For the velocity analysis, the algorithm requires another input from the user:
3. 'rawIntronicData': A gene-by-cell data matrix that contains the UMI counts as entries. Formatting should be the same as 'rawData'. Additionally, the cell IDs should match the cell IDs found in 'rawData'.
We have included a sample data into the package as well, called 'revelioTestData_rawIntronicMatrix'. Together with the data from the previous section, this data is illustrated in Figure 2 of the publication. Again, please adjust your variable name when using your own data.
Ideally, you have already run the previous section. Now, we include the intronic data into the data object and generate an RNA velocity matrix as described in model I in La Manno et al. 2018 'RNA velocity of single cells':
myData <- getVelocityMatrix(dataList = myData,
rawIntronicData = revelioTestData_rawIntronicMatrix)
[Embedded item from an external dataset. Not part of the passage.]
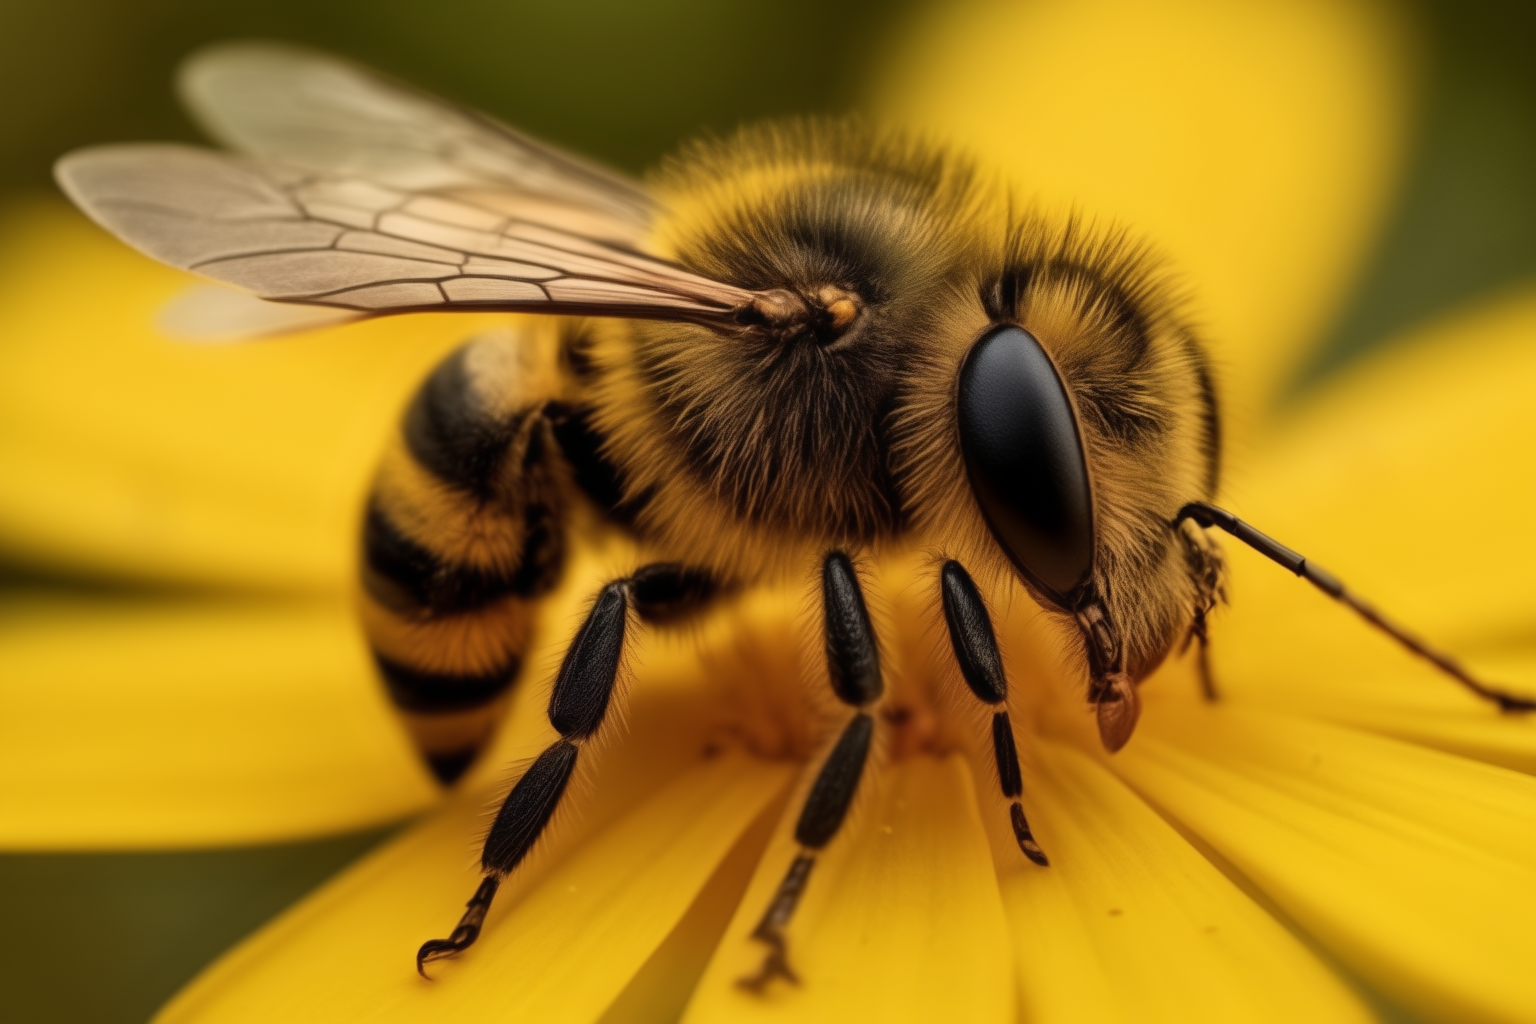 Пчела ужалила мужчину прямо в зрачок: редкий и опасный случай в медицине

This calculation can take up to 30 minutes depending on the size of your data. We now rerun the PCA and rotation steps from the previous sections:
myData <- getPCAData(dataList = myData)
myData <- getOptimalRotation(dataList = myData, boolPlotResults = TRUE)
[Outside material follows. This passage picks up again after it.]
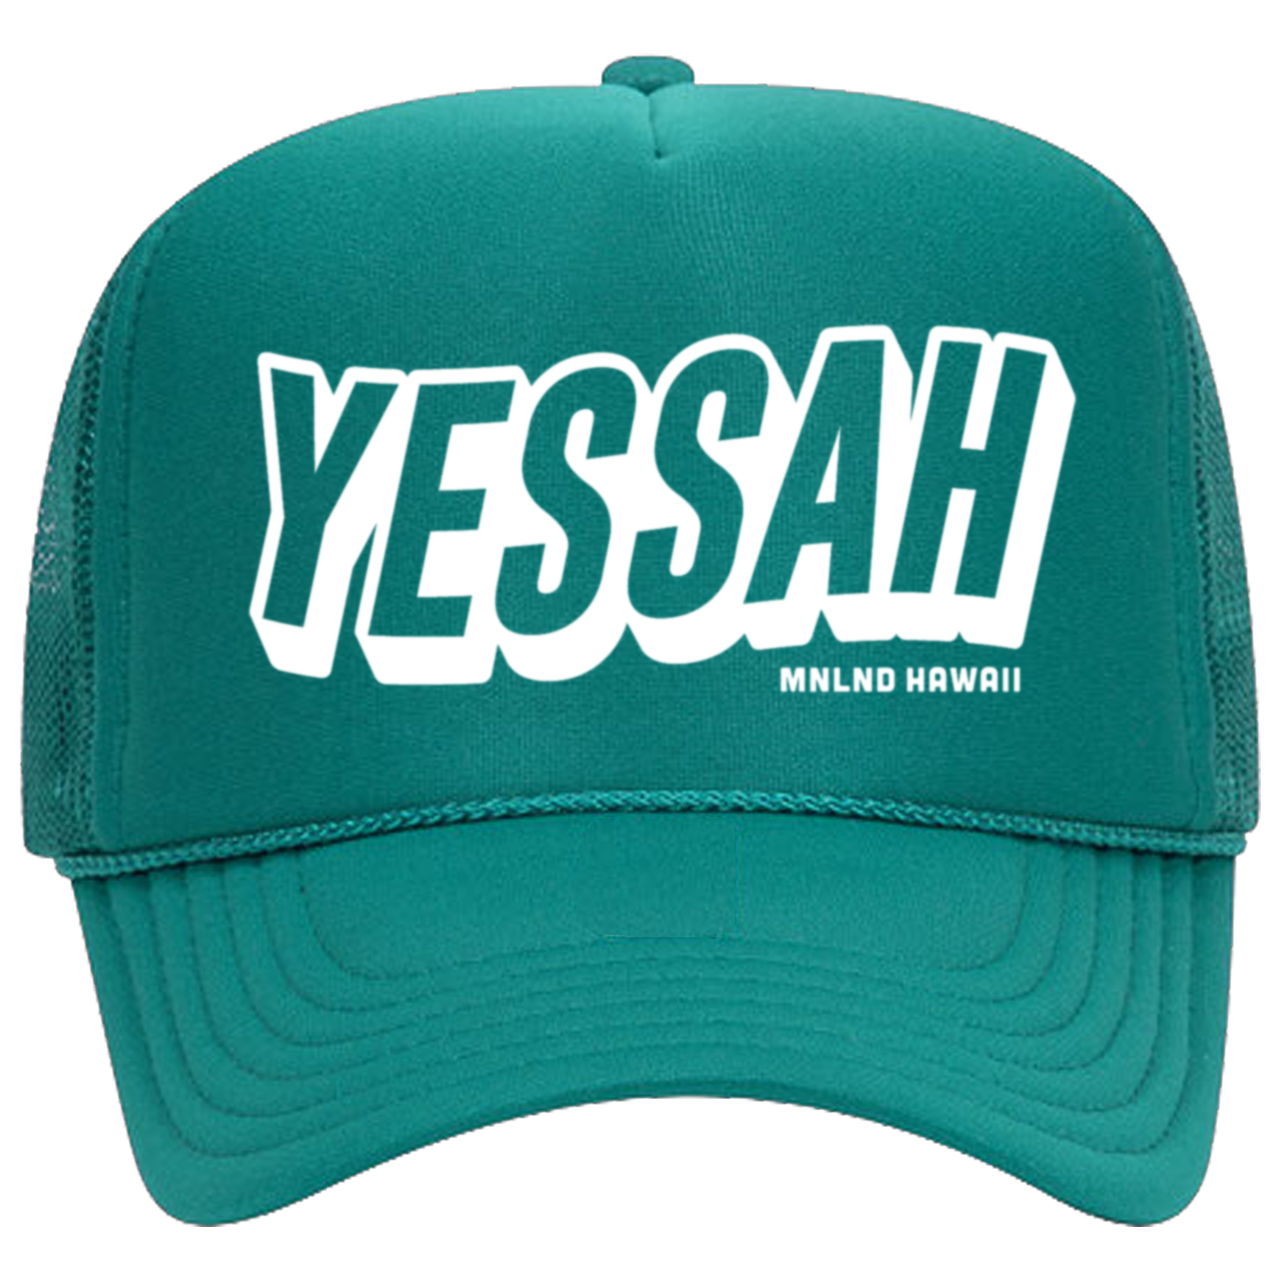 Yessah - Trucker Hat

We then calculate the extrapolated state within the dynamical component space by utilizing model I from La Manno et al. 2018 and transforming the resulting extrapolated state into the dynamical component space with the previously calculated rotation matrix:
myData <- getExtrapolatedStateInDCSpace(dataList = myData)
Next, we can overlay the 2D cell cycle with a grid and calculate average velocities at each grid point:
myData <- getVelocityGridCC(dataList = myData,
sigma = 0.6,
numberOfGridPointsOneSide = 20,
boolPlotResults = TRUE)
This is also computationally expensive. In the publication we used a 50x50 grid ('numberOfGridPointsOneSide' has to be set to 50) which might require an hour of computation. We can also look at the averaged velocity along an averaged trajectory:
myData <- plotVelocityOnAveragedTrajectory(dataList = myData,
numberOfAnchors = 10)
Lastly, we compute the RNA velocity along the cylinder axis:
myData <- getVelocityGridAlongThirdDimensions(dataList = myData,
whichThirdDimension = 3,
sigma = 1.5,
numberOfGridPointsOneSide = 20,
boolPlotResults = TRUE)
Again, we used a 50x50 grid for the publication which can take up to 1.5 hours.
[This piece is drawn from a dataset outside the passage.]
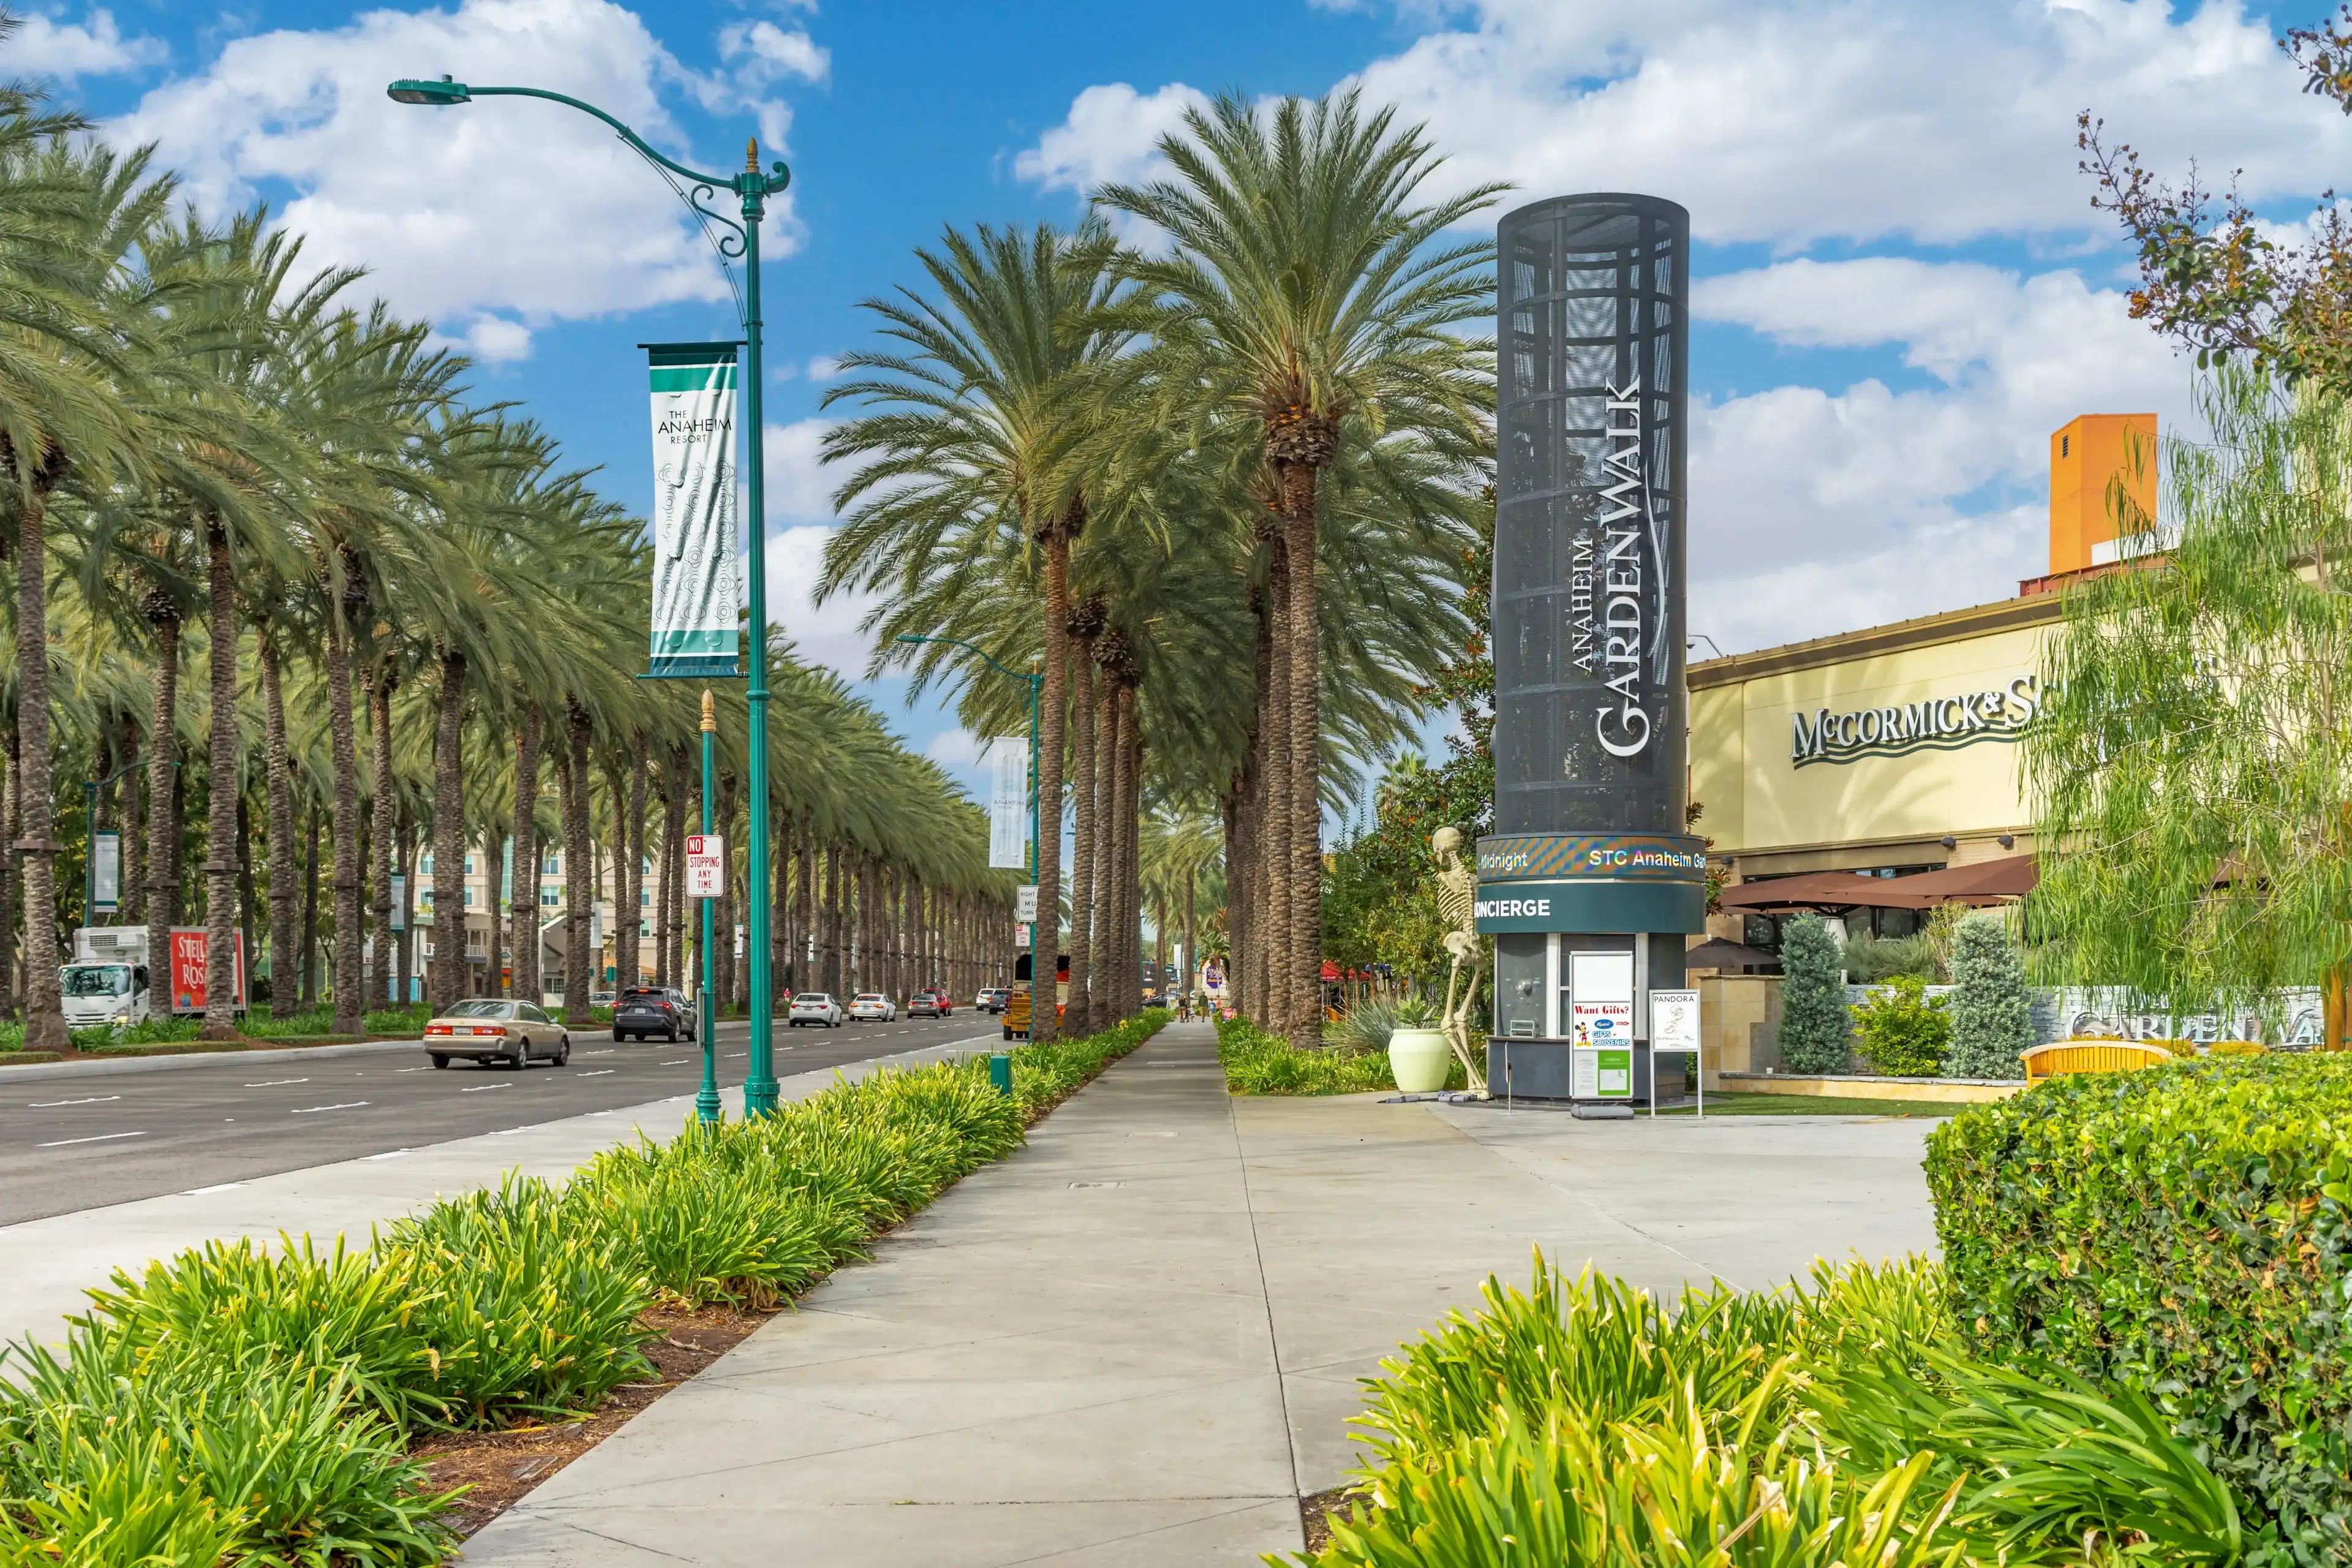 Best Anaheim hotels. Cheap hotels in Anaheim, California, United States

In case you are unable to change your cell IDs to conform with the guidelines described under 'rawData' and your data only contains a single batch and cell IDs do contain an underscore, please run the following line of code after creating the Revelio object:
myData@datasetInfo$ccPhaseAssignBasedOnIndividualBatches <- FALSE
Schwabe D, Formichetti S, Junker JP, Falcke M, Rajewsky N. The transcriptome dynamics of single cells during the cell cycle. Mol Syst Biol. 2020 Nov;16(11):e9946. doi: 10.15252/msb.20209946. PMID: 33205894.